■ **Excerpted records**:

■ ■ ■

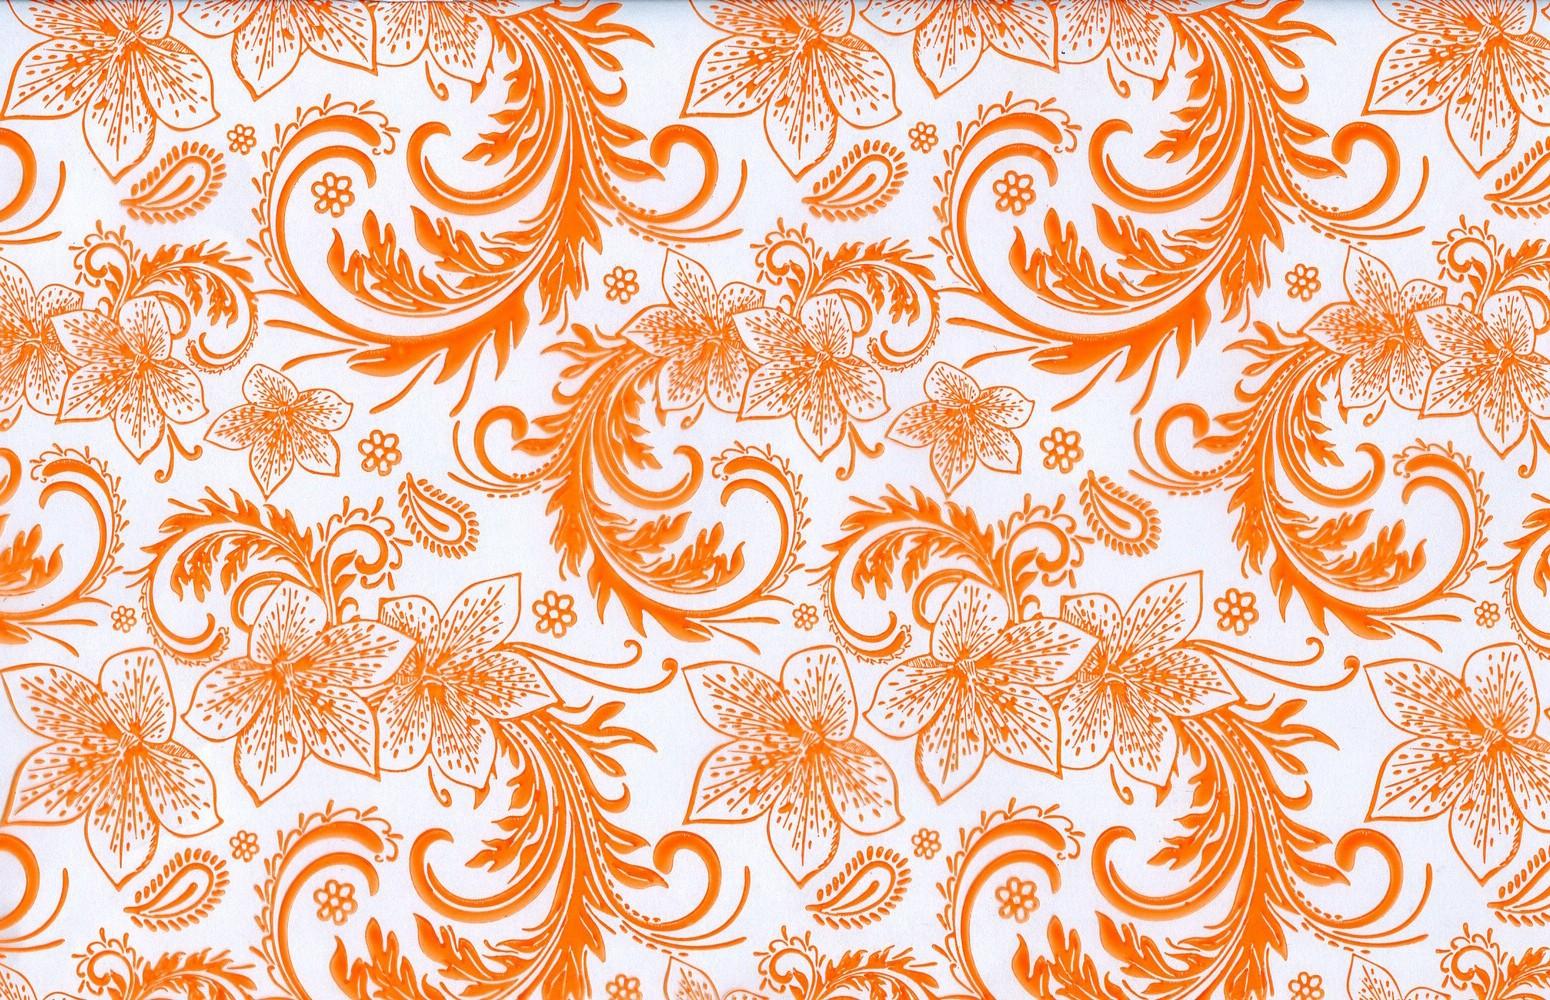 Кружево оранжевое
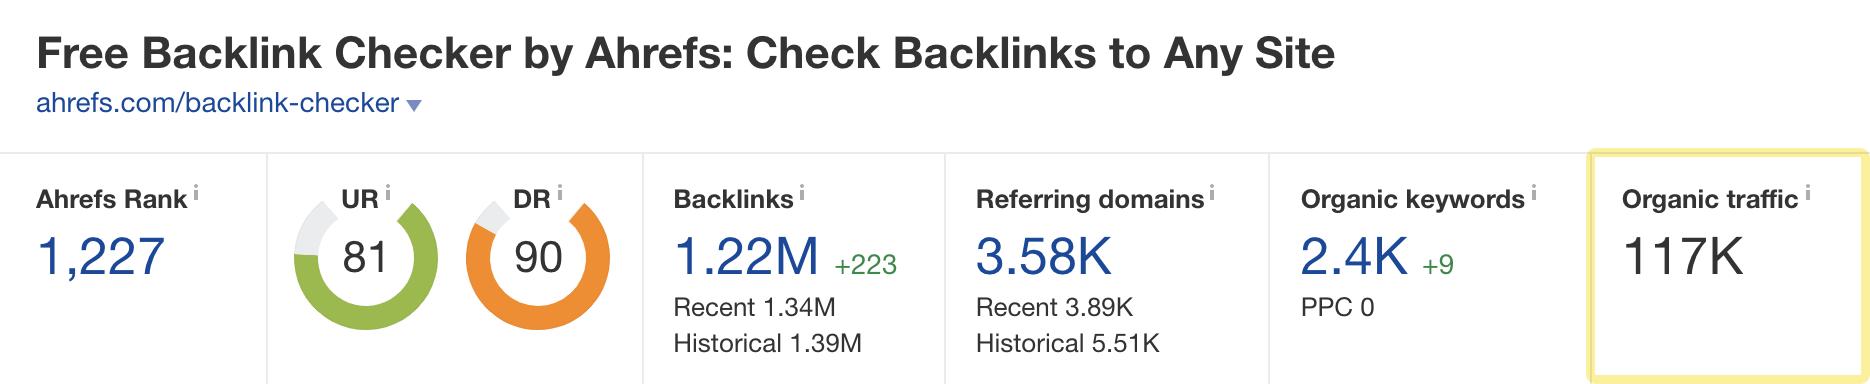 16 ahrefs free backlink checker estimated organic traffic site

■ ■ ■

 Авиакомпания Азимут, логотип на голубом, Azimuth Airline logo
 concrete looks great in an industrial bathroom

■ ■ ■

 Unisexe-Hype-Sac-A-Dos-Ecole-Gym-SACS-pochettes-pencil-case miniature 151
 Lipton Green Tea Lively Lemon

■ ■ ■

■ **Exercise aim**: Both end lines included, restate word for word the lines above from the line with "Авиакомпания Азимут, логотип" to the line with "concrete looks great", and nothing else.

■ **Result below**:
 Авиакомпания Азимут, логотип на голубом, Azimuth Airline logo
 concrete looks great in an industrial bathroom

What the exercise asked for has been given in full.